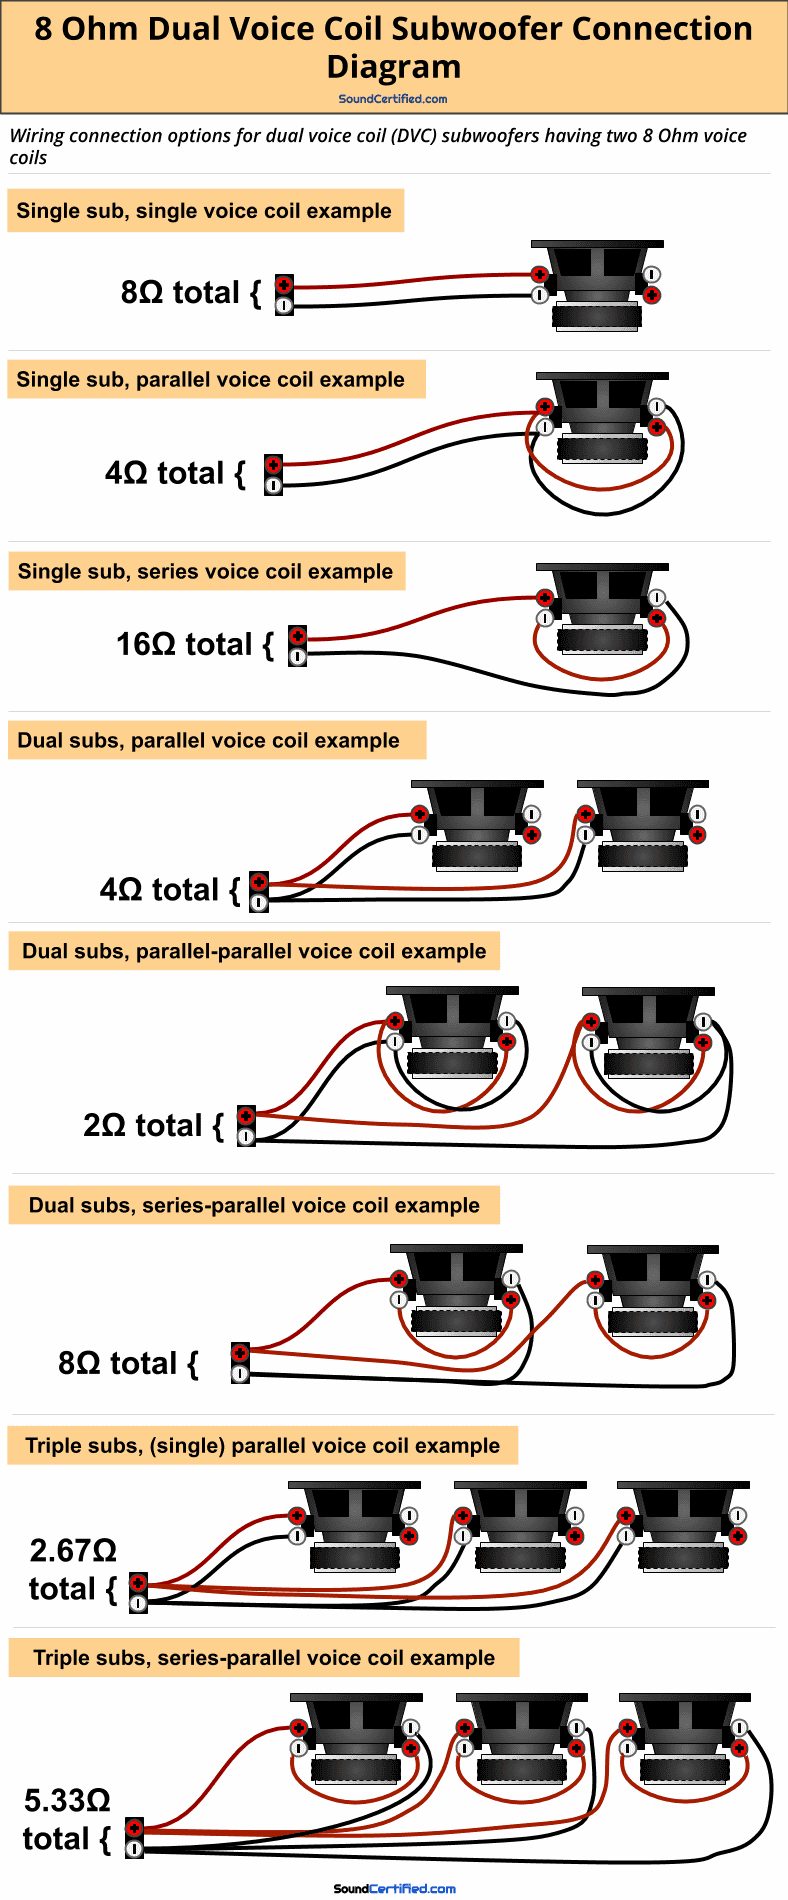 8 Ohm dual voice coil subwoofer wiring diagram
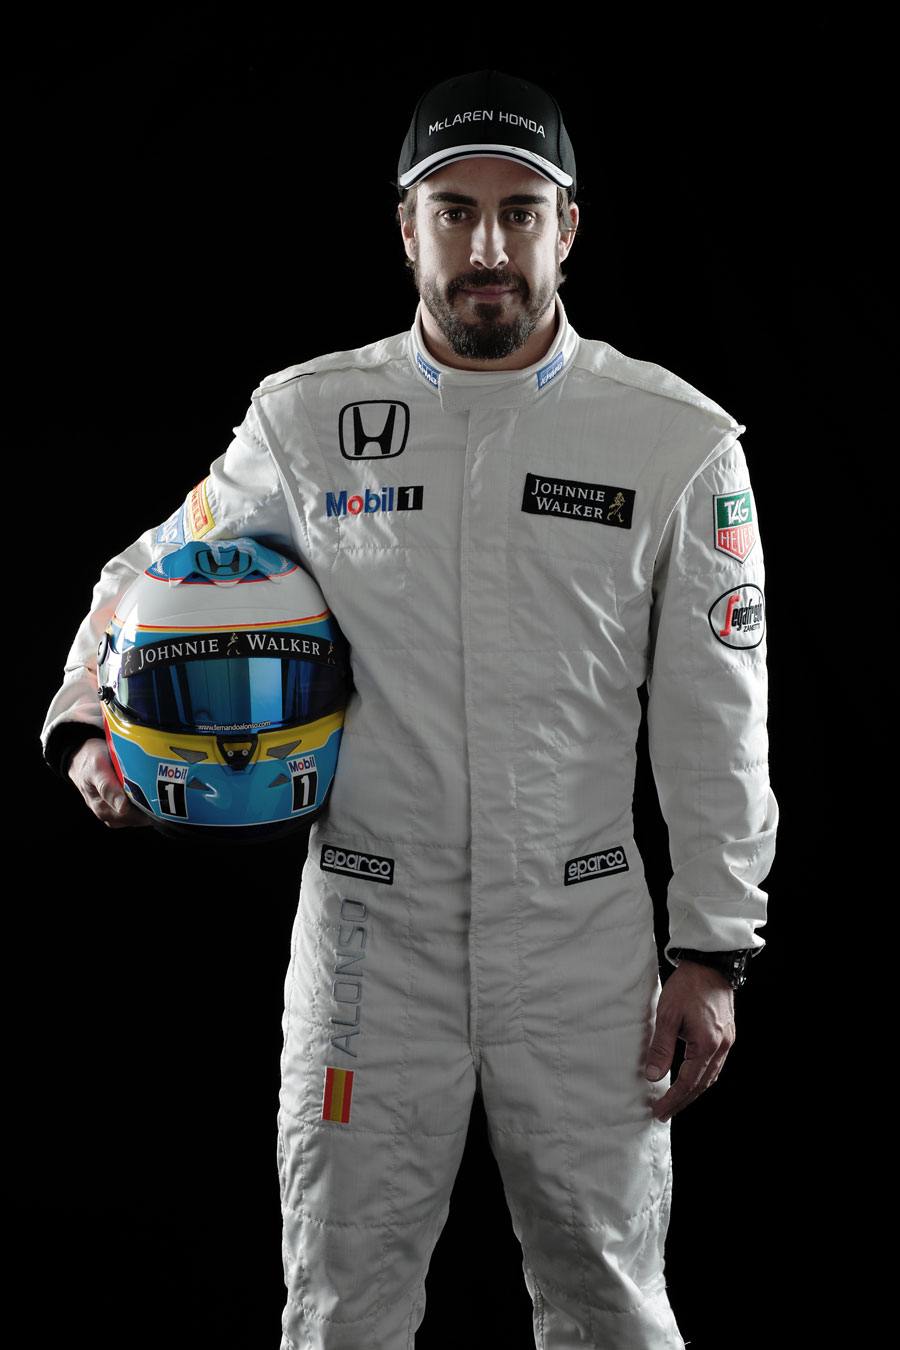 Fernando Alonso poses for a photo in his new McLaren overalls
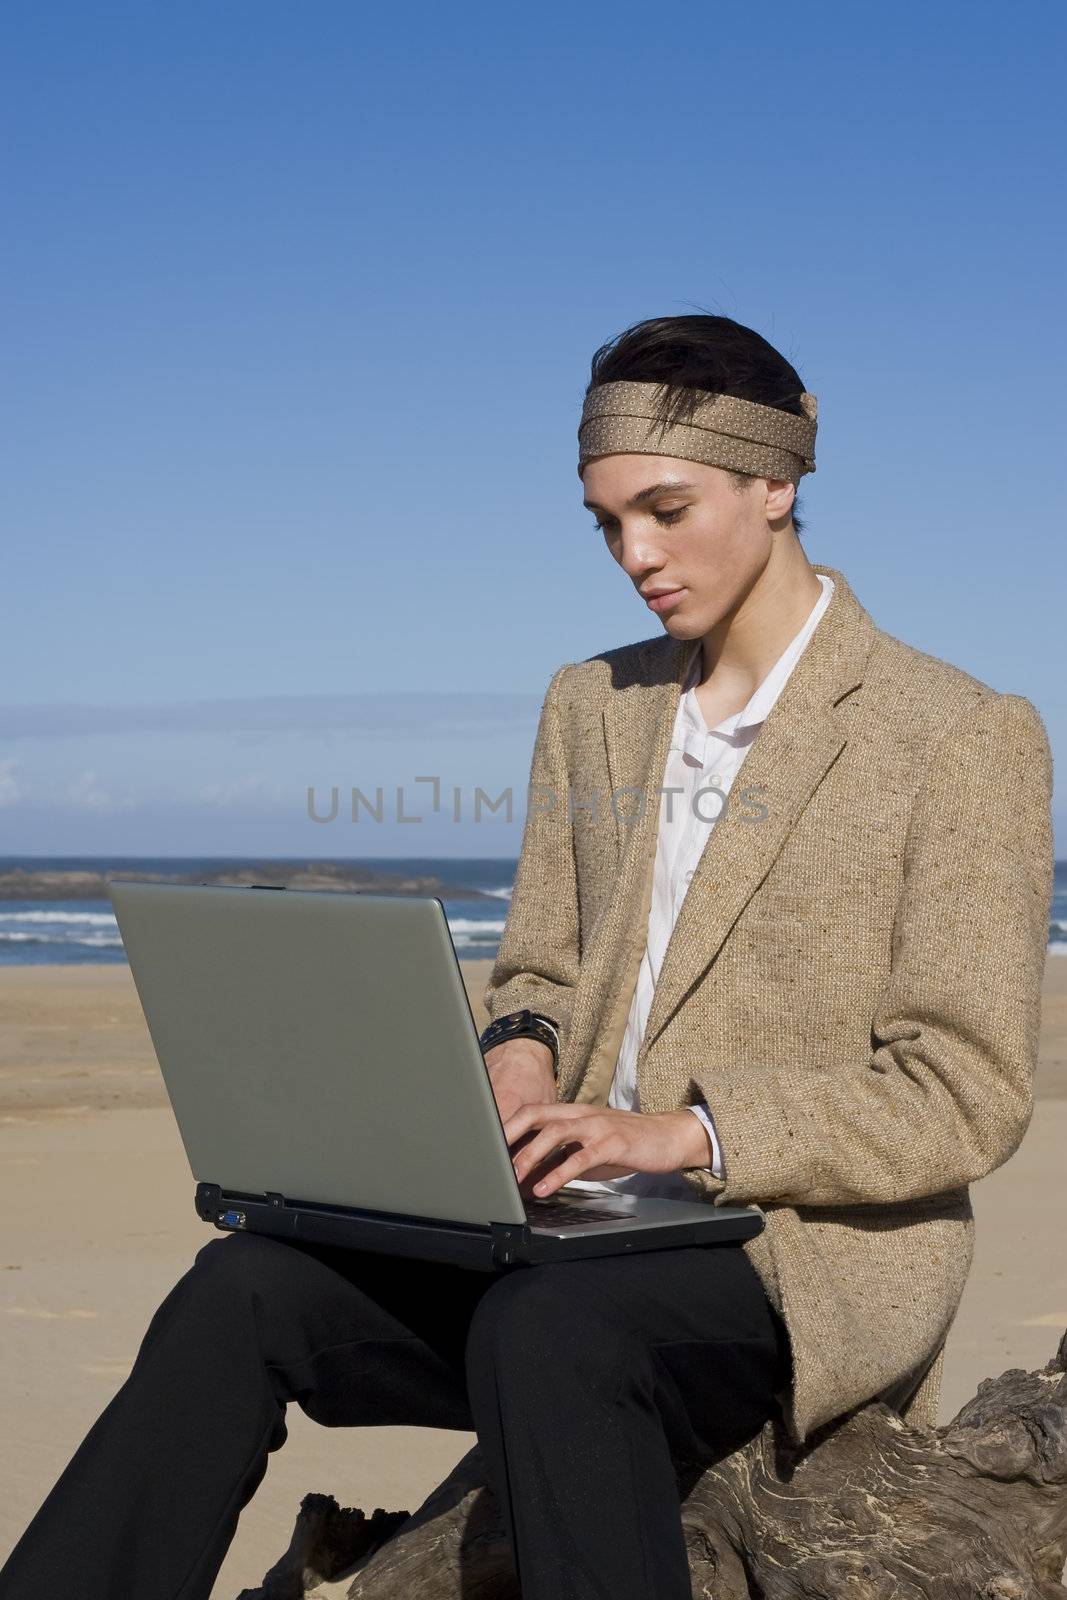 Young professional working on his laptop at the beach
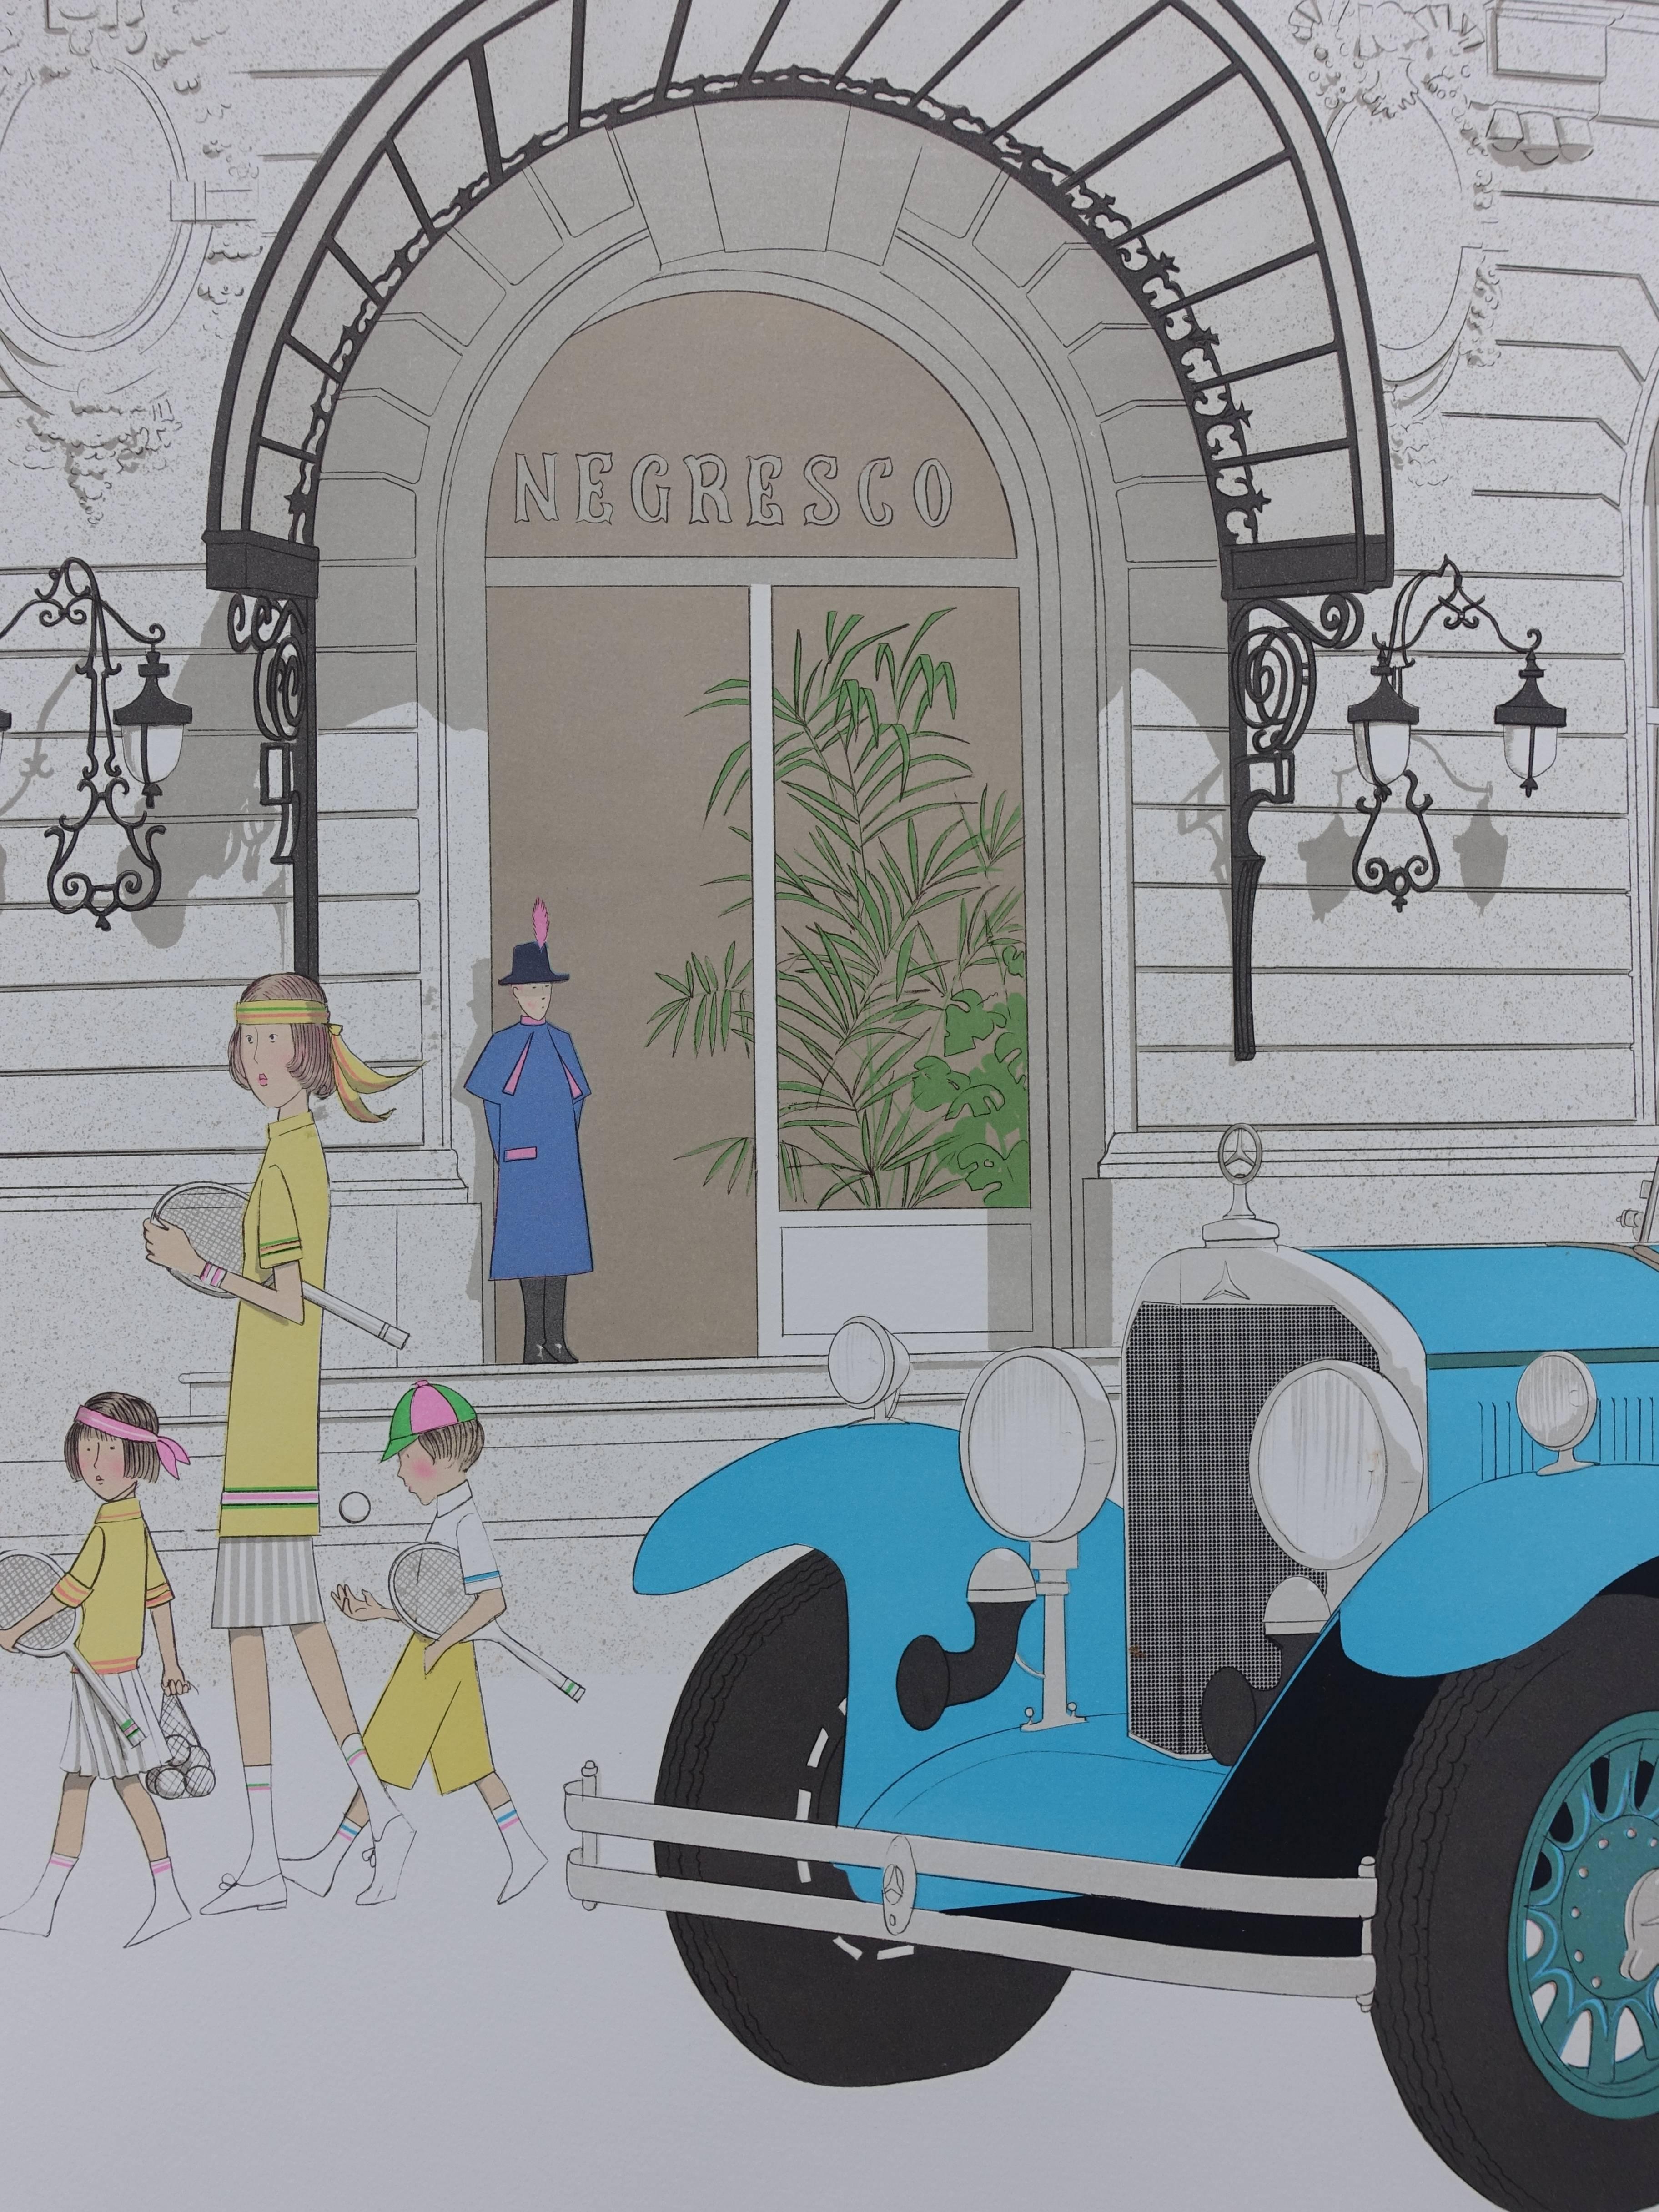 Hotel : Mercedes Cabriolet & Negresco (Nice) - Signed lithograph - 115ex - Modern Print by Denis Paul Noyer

┄┄┄┄┄┄┄┄┄┄

## PROBLEM TO WORK ON
Exclude the images and reproduce the remaining data exactly.

## ANSWER TO THIS PROBLEM
 8 Ohm dual voice coil subwoofer wiring diagram
 Fernando Alonso poses for a photo in his new McLaren overalls
 Young professional working on his laptop at the beach
 Hotel : Mercedes Cabriolet & Negresco (Nice) - Signed lithograph - 115ex - Modern Print by Denis Paul Noyer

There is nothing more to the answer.